Automatism

Hedda Sterne was deeply influenced by the Surrealist movement as a young artist in Europe and it left a lasting impression on her work. Surrealist automatism — the practice of allowing artwork to develop without conscious control or intention — was an essential part of her artistic practice throughout her life, from chance collage to automatic drawing. Sterne described the feeling of losing her identity while drawing and becoming  “simply like a conduit, permitting visions that want to take shape to do so.”

 

The Everyday Surreal

When Hedda Sterne arrived in New York in 1941 as a refugee of WWII she felt surrounded by a world “more extraordinary than anything imagined by the Surrealists.” Gradually, she moved away from the dream imagery and Surrealist techniques of her early art practice to a new focus on the “visually immediate” world around her. Paintings and drawings of this period reflect Sterne’s new American environment: her kitchen, bathroom, and stove, New York’s buildings and street scenes, cars and subway tracks. As she would say, “I became visual when I came here.”

 

Gestural Abstraction

In the 1950s, Hedda Sterne’s work grew increasingly abstract and gestural. She found aerosol spray paint — new to hardware store shelves in the early ‘50s — an ideal medium for expressing a sense of speed, light, and motion in her paintings.
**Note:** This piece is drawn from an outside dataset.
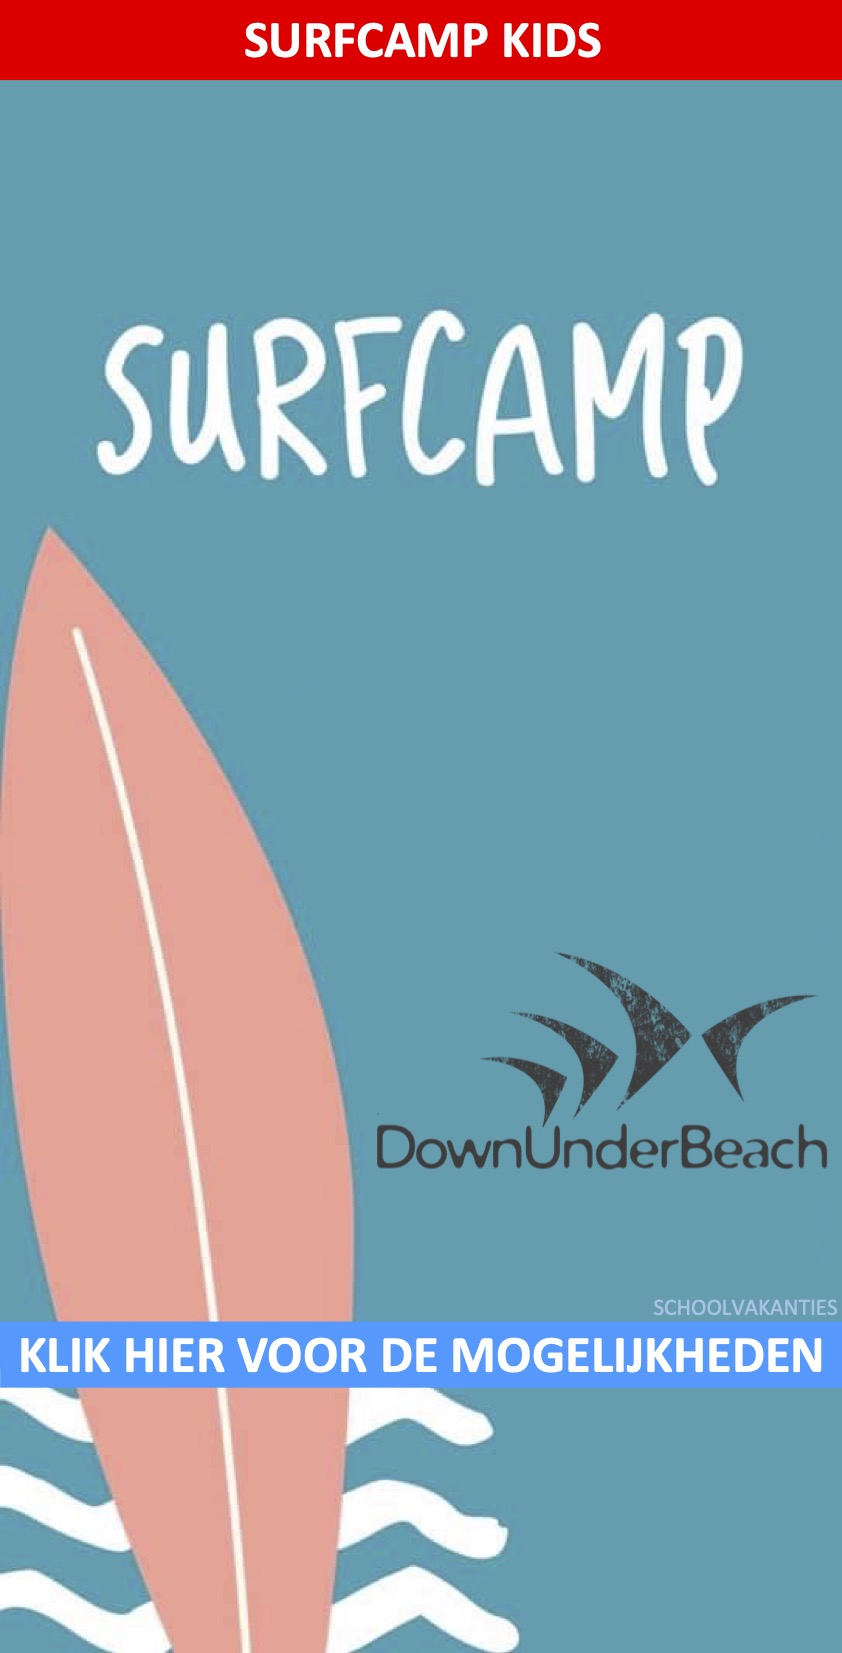 SurfCamp Down Under Beach

These works are often viewed in the context of Abstract Expressionism, and Sterne’s own philosophical approach to painting was closely aligned with what her friend, art critic Harold Rosenberg termed “Action Painting” in 1952. As an artist, she felt, “you will find no rest until you possess whatever knowledge of your medium there is to be had.”

 

Machines & Anthropographs

Hedda Sterne’s interest in the visual aspects of post-war America reached its zenith in her “Machine” paintings of the late 1940s and early 1950s. Abstractions of agricultural equipment, airplane machinery, and massive postwar construction sites reflected the inadvertent beauty she found in the man-made world. She coined the word “anthropograh” to describe certain paintings and drawings composed like portraiture. Sterne saw the human-like design of many machines as “unconscious self-portraits of people’s psyches.”

 

Philosophy & Meditation

Hedda Sterne was an avid student of philosophy throughout her life and would find new ways of discovering “facets of reality” through her private studies, which would in turn affect her art. She maintained a daily practice of meditation starting in the mid-1960s, and around the same time began centering her art on internal reflections and theories of the mind. Several bodies of work trace back to Sterne’s varied interests, from metaphysics and semiotics, to Zen Buddhism and Christian mysticism.

 

Portraiture

Hedda Sterne shifted between abstract and figurative modes of expression in her art practice. “I took it for granted,” she would say, “that art is essentially an act of freedom. You react to the world totally freely.” At times, she would find herself preoccupied with painting and drawing portraits of friends, including many of the artists and writers within her milieu. Sterne traced her recurring interest in portraiture to her early childhood when she discovered her interest in drawing and creating “good likenesses.”